“La bohème” portrays a 19th-century love story of a poor French couple, a poet, and a seamstress. The opera was crafted in 4 acts by Giacomo Puccini between the time period of 1893 to 1895. It is accompanied by an Italian libretto, which is written by Giuseppe Giacosa and Luigi Illica. The opera is also coming from a book “Scènes de la vie de bohème,” or “Scenes from Bohemian Life” by Henri Murger.
The original source, Murger’s novel, also narrated the life of young Parisian bohemians, which Puccini retains throughout. While composing the opera, he even had a brief dispute with Leoncavallo, a contemporary music composer regarding the libretto. Puccini stood firm and went on with his own version.
The libretto is mostly original.

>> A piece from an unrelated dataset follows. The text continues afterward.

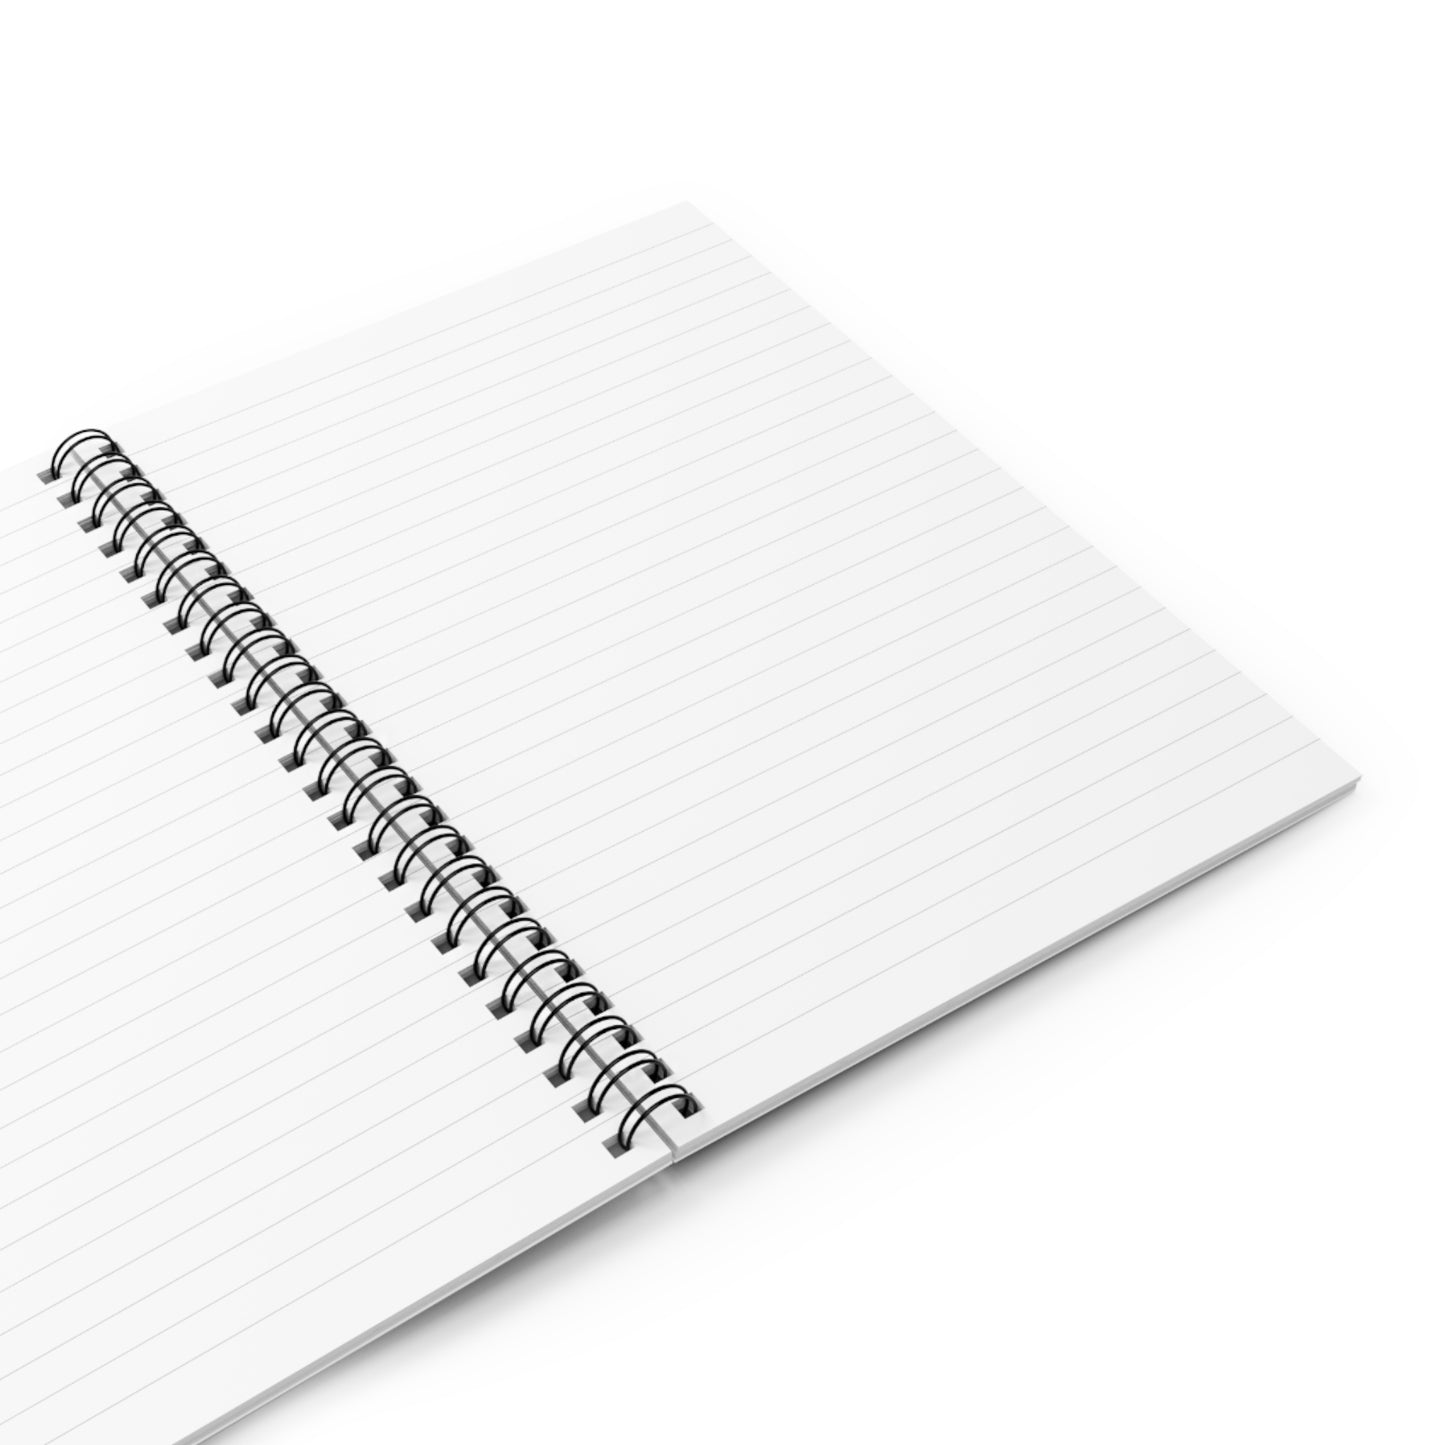 SerenitySurge Notebook Journal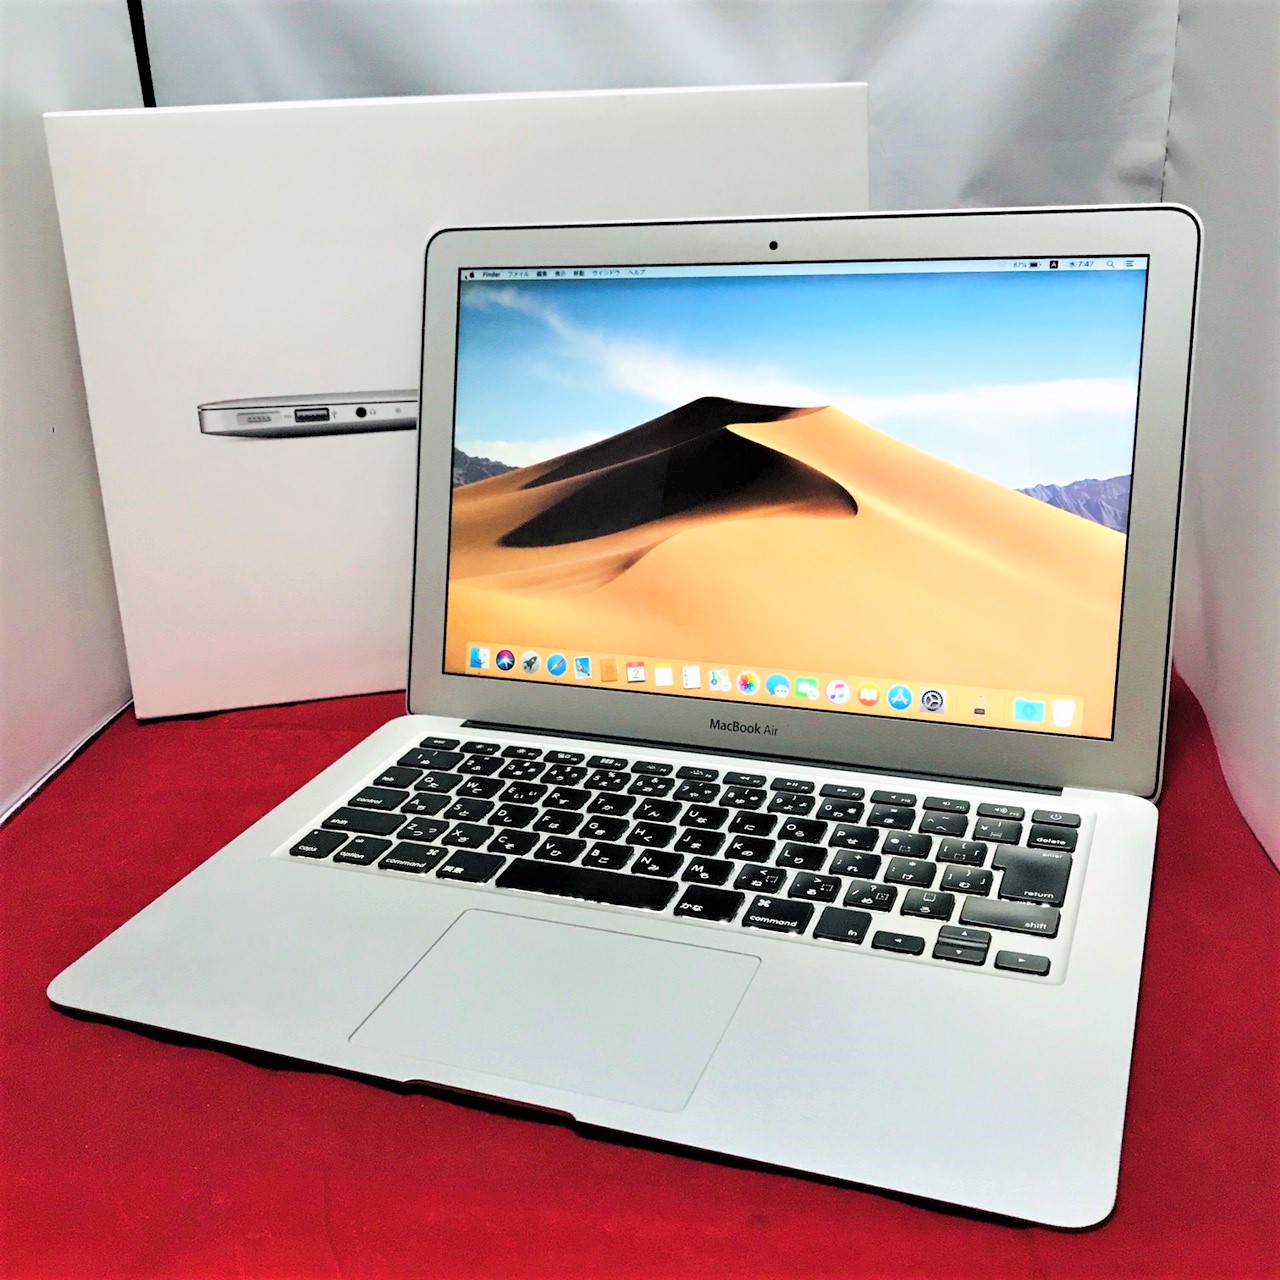 14777円 お手軽価格で贈りやすい APPLE MacBook Air MD231J A 13.3inch

Much of Act 1 and Act 4 are retained from the novel, while prime actions in Act 2 and 3 are formulated by the librettists’. The officially published libretto also contains a note offering a summary of the adaptation. It defends and discusses the amalgamation of the characters Mimì and Francine into “Mimì,” one of the main protagonists of the opera.
History & Performances
“La bohème” premiered at the “Teatro Regio” in Turin on the 1st of February, 1896. Arturo Toscanini conducted on that night, as Puccini’s sensation went on to become an integral part of the opera repertory, both in Italy and worldwide. In 1946, Toscanini collaborated with NBC Symphony Orchestra to conduct a commemorative setting to mark its 50th anniversary, this time on the radio. It remains the only recorded piece of the opera by Toscanini, its original conductor.
The initial audience response was a tad subdued, while the critics appeared polarized. However, the opera soon gained recognition among various Italian productions, including “La Fenice,” and “La Scala.” In 1896, the overseas debut was held in Argentina, at the “Teatro Colón” in Buenos Aires. In April 1897, the first performance across the English Channel was held at Manchester. Puccini personally supervised the arrangement by Carl Rosa Opera Company. A few months later, the company staged its second production at London’s Royal Opera House. “La bohème” soon crossed the Atlantic again, and was staged at New York and Los Angeles in its USA tour.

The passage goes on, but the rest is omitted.